In my last post I described my rather underwhelming first experiences with NFC, using the apps that came supplied with my Sony Xperia S Android handset. I then got slightly more success using the excellent (and free, I might mention) NXP TagWriter app from the Google Play store. But, so far, I’ve only written and read simple text strings over NFC. What about if you wanted to program some action that should be taken when a device reads an NFC tag?

This, I believe, is the intended function of the Sony Xperia SmartTags app, but the required SmartTags themselves are still not available in the UK (and those stockists that are advertising them for pre-order suggest that, when they do become available, they will be at a hugely inflated price compared to regular unbranded NFC tags:- £15 for 4 SmartTags compared to £6.50 for 10 generic NFC tags…). So, it was time to turn to the Google Play shop again to see what alternative apps were out there.
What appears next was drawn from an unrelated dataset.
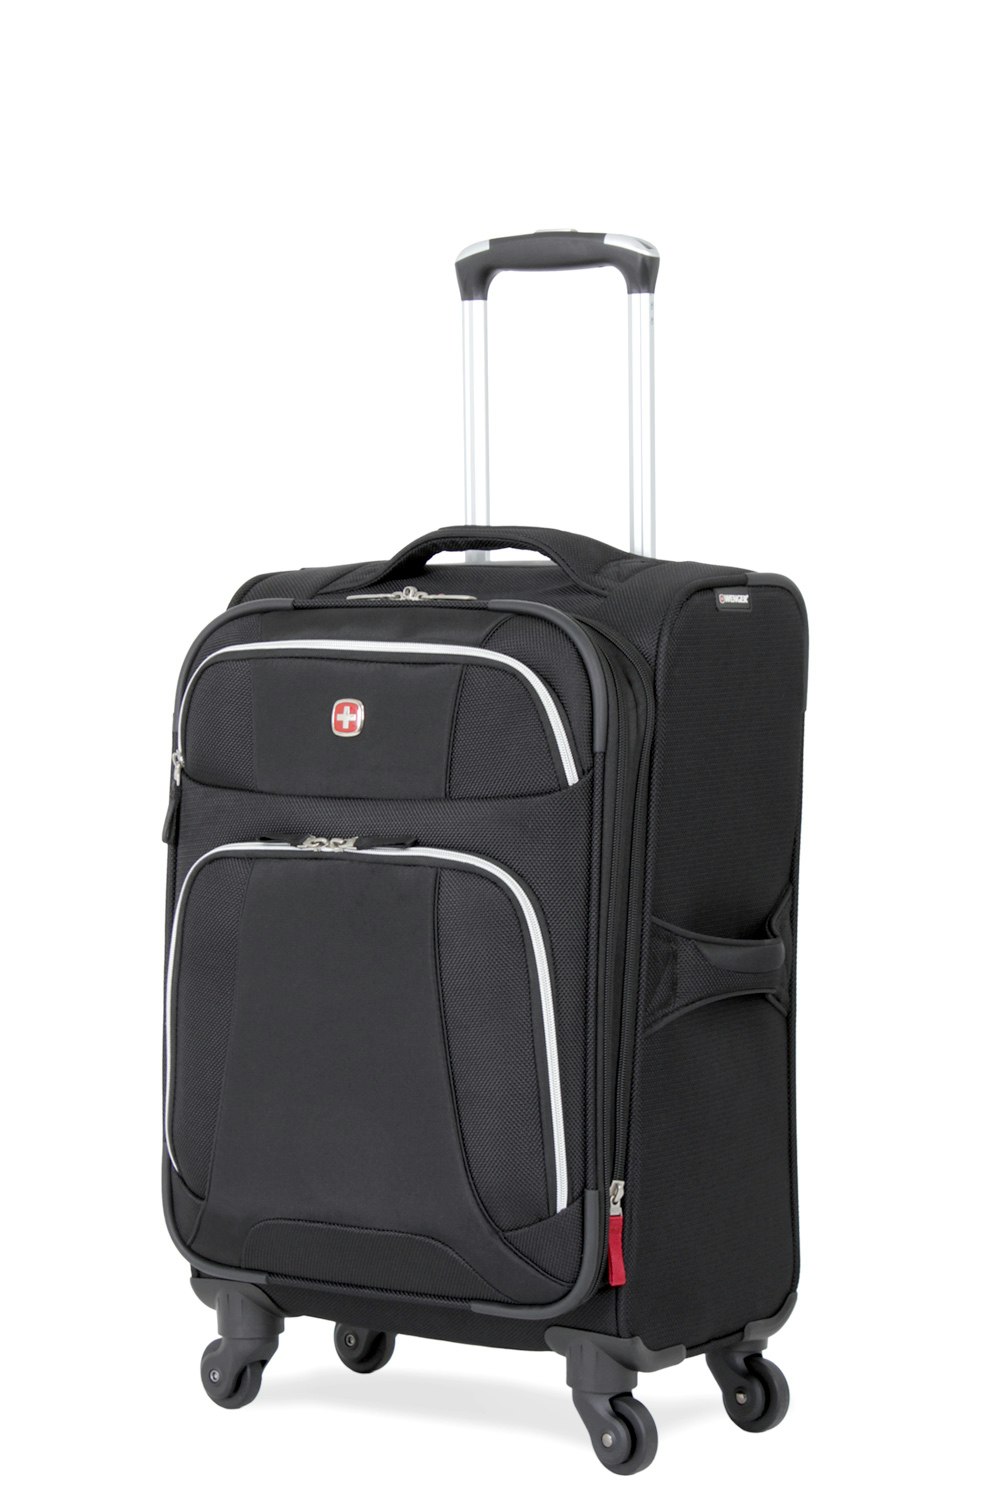 Swissgear 6270 19 Expandable Liteweight Carry On Spinner Luggage Pewter

There were two apps that caught my eye, which both seemed to provide the required functionality:

So, I decided to take them for a whirl:

## NFC Task Launcher

 NFC Task Launcher has excellent reviews (4.7/5.0 stars average) and lots of positive comments. In addition to the paid app (costing £1.21), there’s also a free version. Seeing as I’m only fiddling with NFC, it made sense for me to download the free version first so that I could evaluate the sorts of actions available that could be programmed on my handset. Or so I thought.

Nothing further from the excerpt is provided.